**Records for the task:**
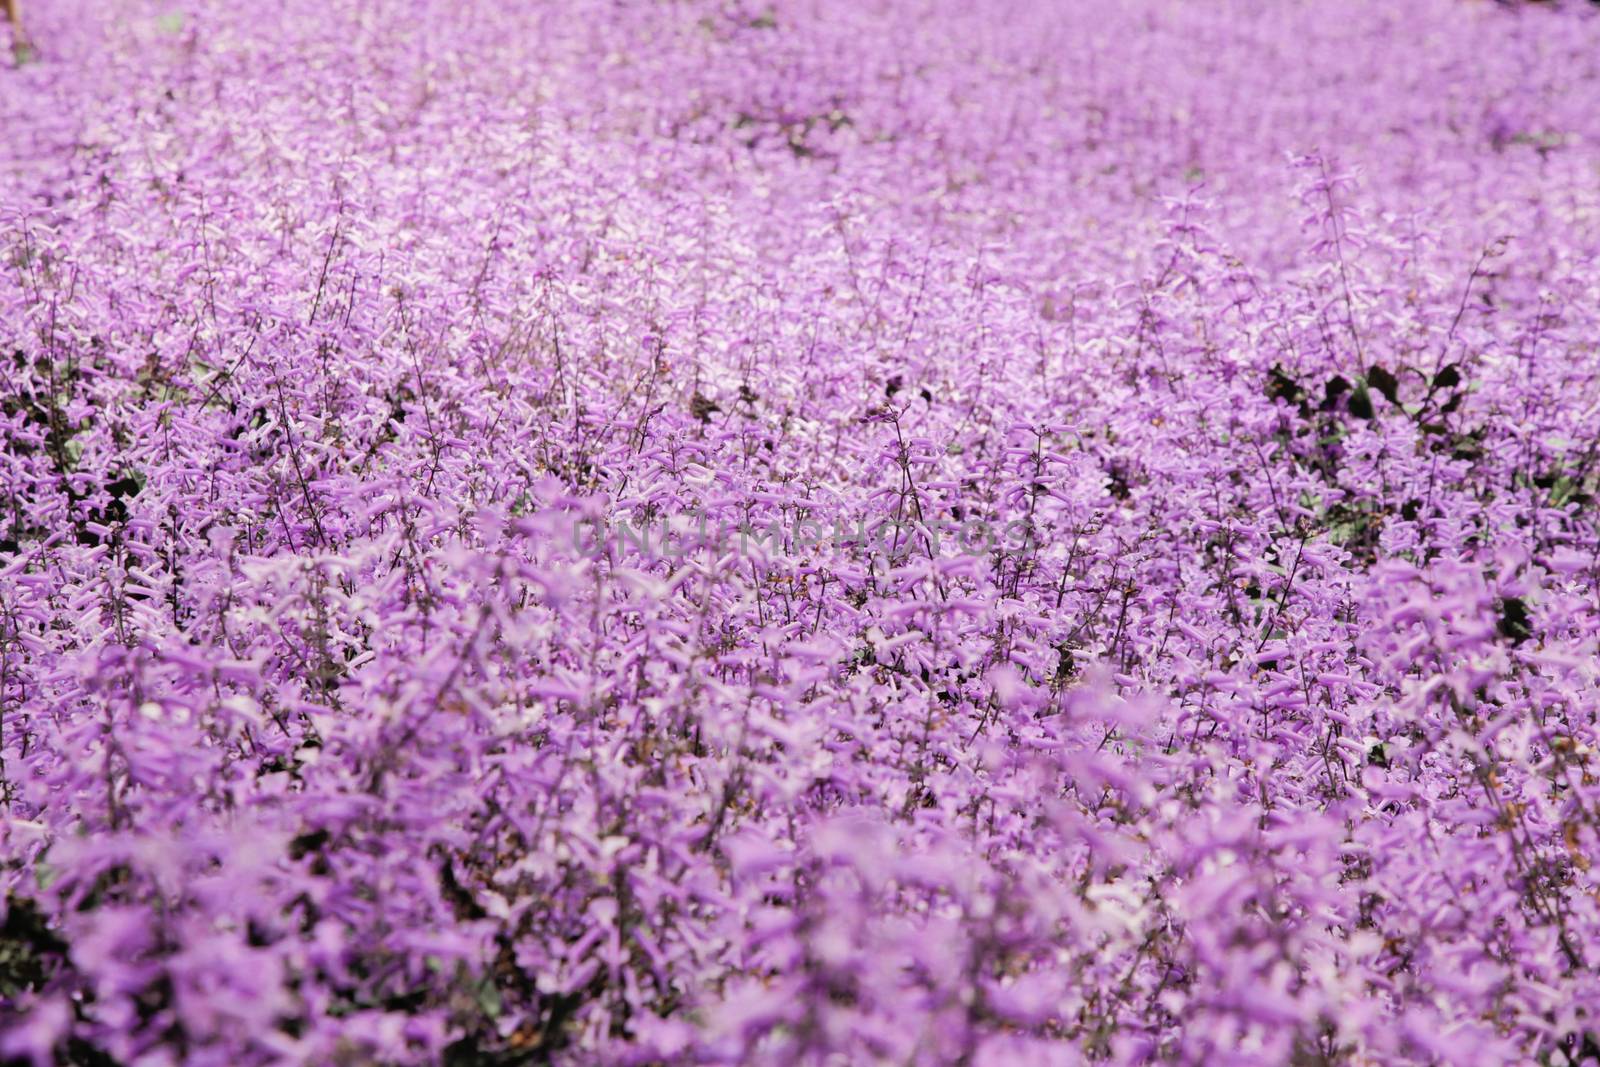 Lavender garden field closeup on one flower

==

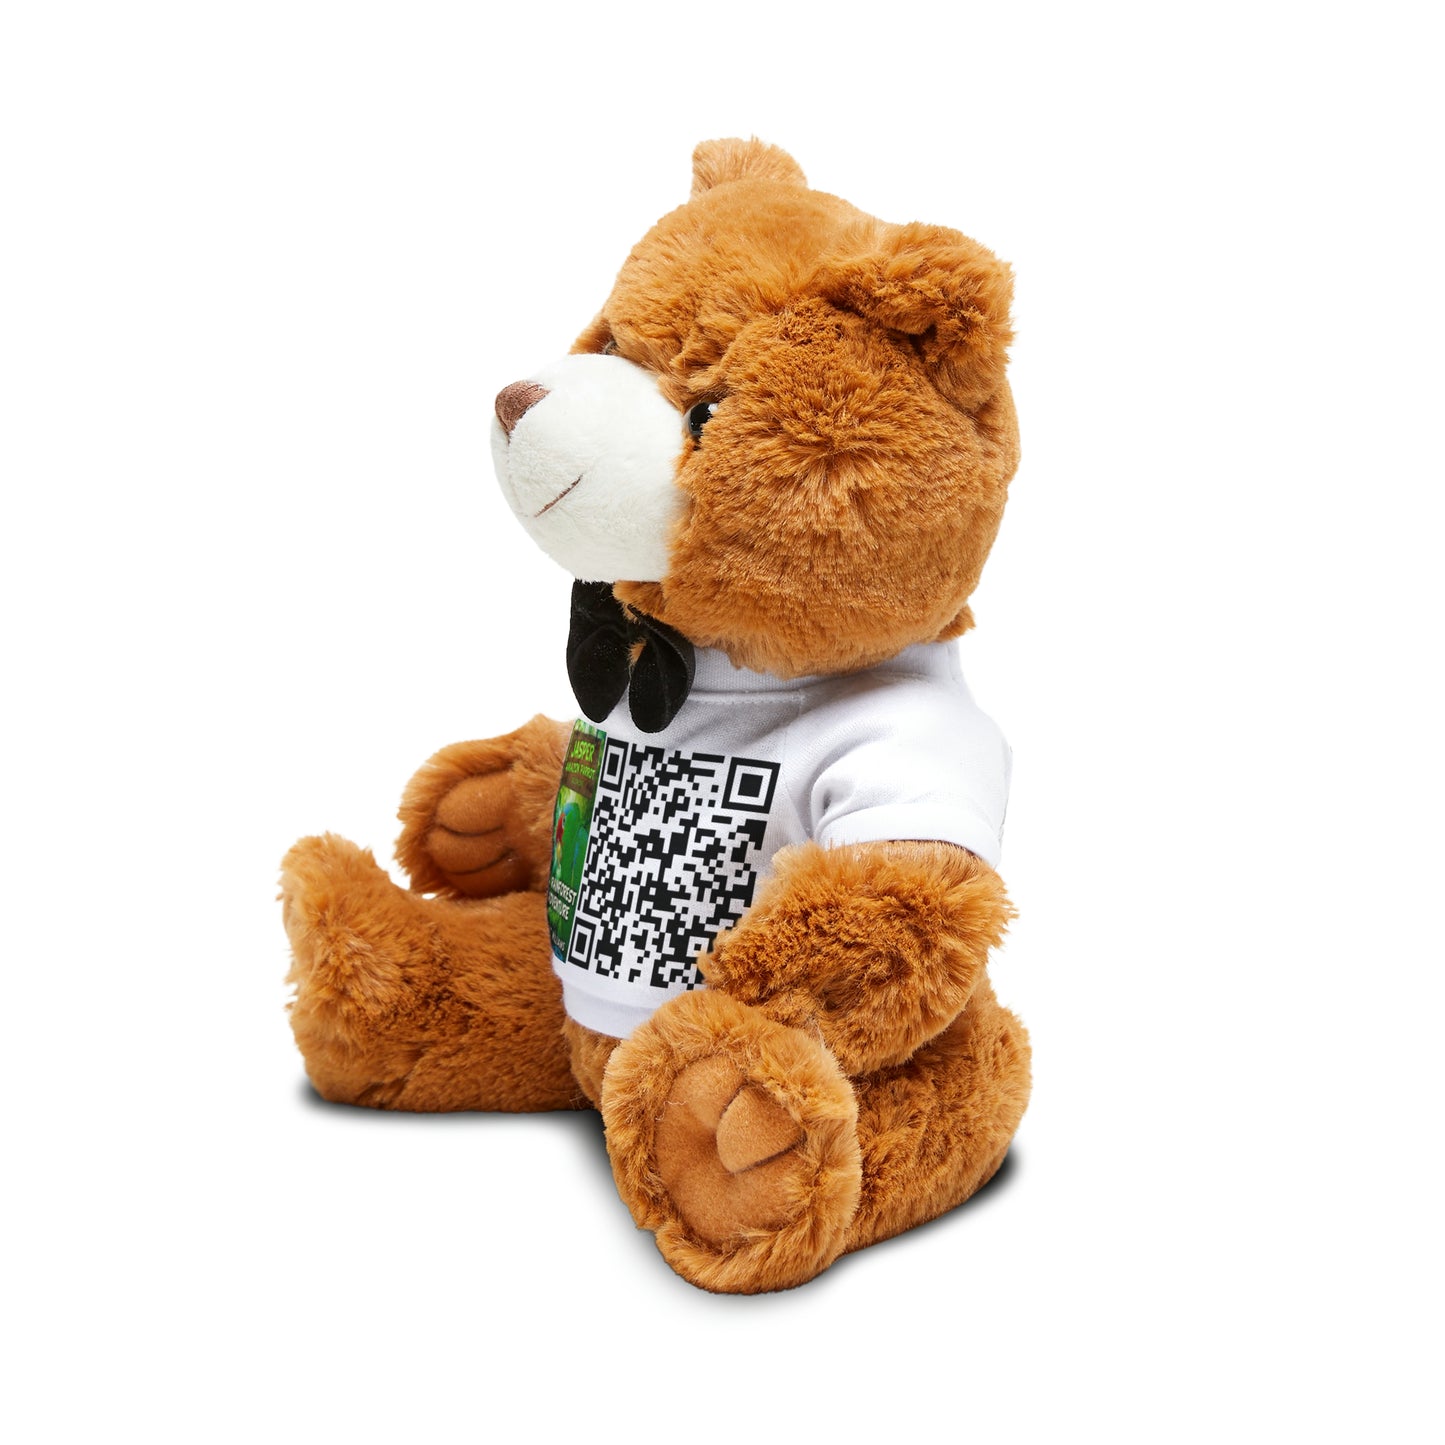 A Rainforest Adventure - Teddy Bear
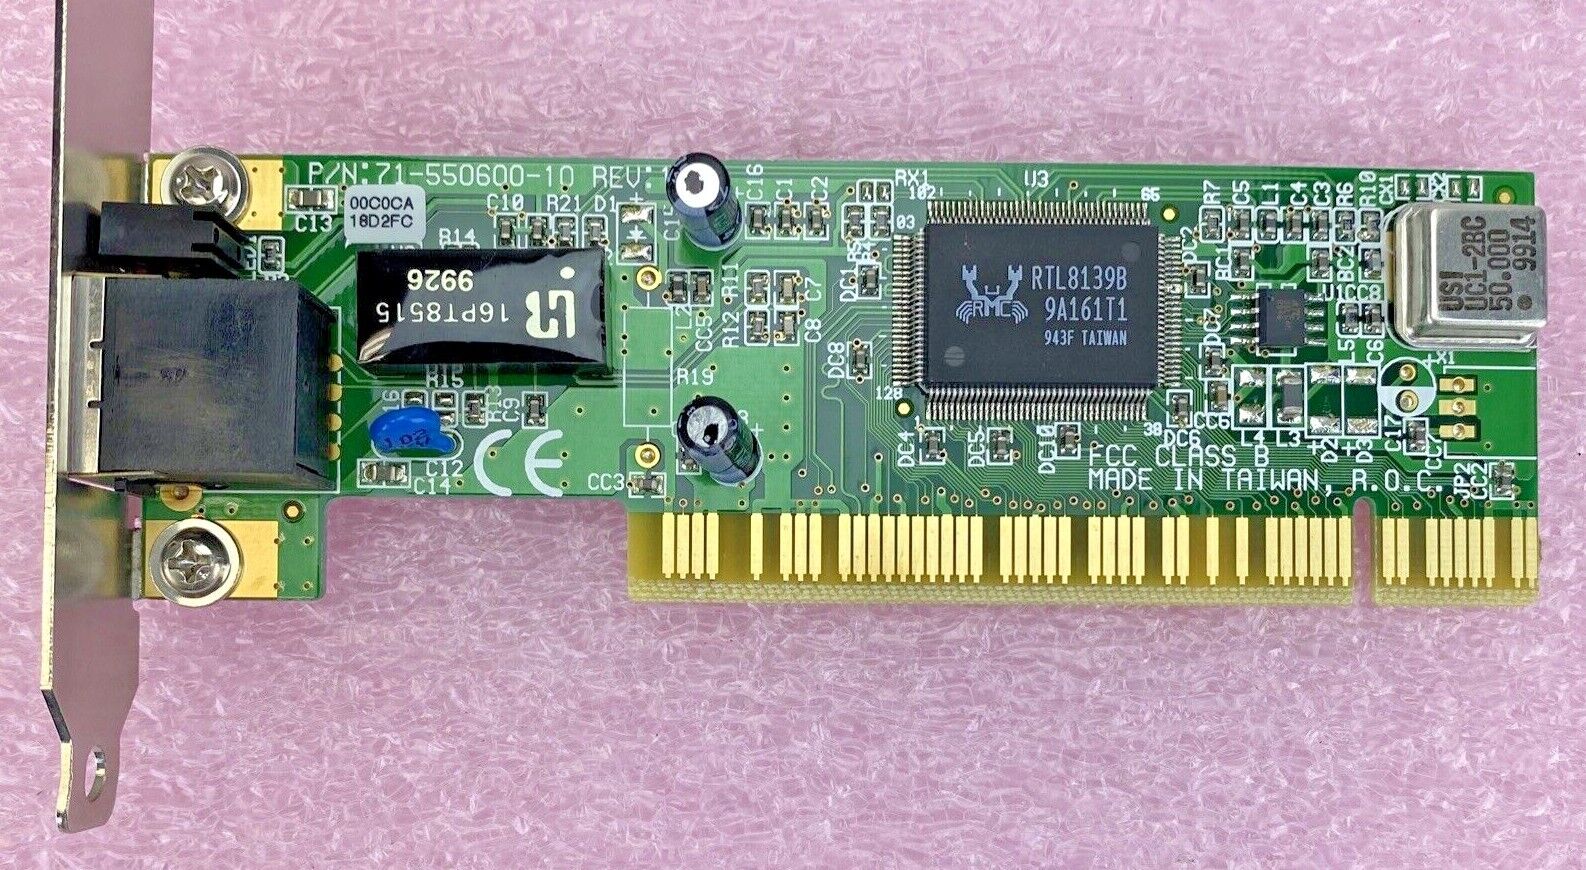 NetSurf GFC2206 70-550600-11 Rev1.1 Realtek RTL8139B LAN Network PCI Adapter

==

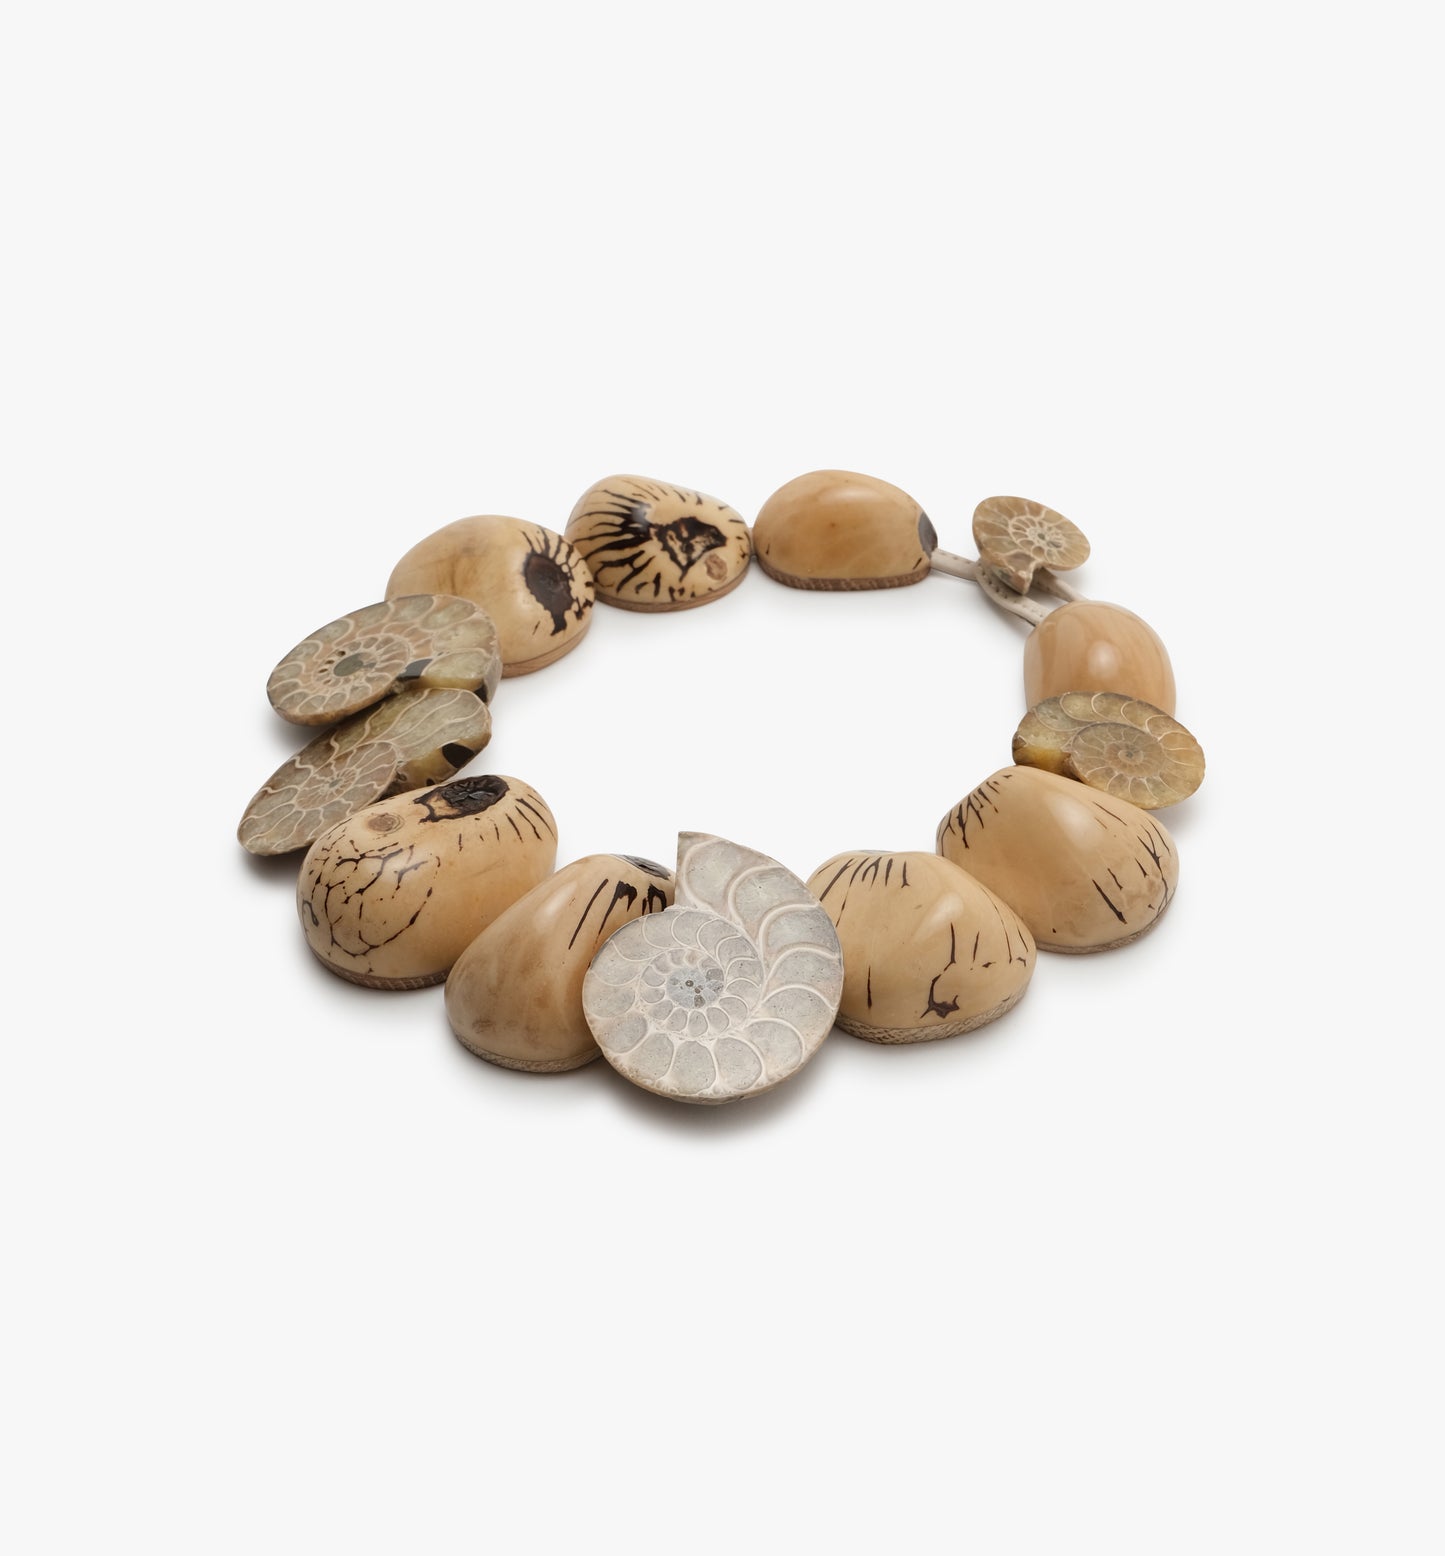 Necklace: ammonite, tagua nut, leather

**Exercise directions:** Look above for the line with "A Rainforest Adventure - Teddy Bear" and the line with "NetSurf GFC2206 70-550600-11", then copy exactly the lines from the first through the second, both kept, with no pictures.

**Written answer:**
 A Rainforest Adventure - Teddy Bear
 NetSurf GFC2206 70-550600-11 Rev1.1 Realtek RTL8139B LAN Network PCI Adapter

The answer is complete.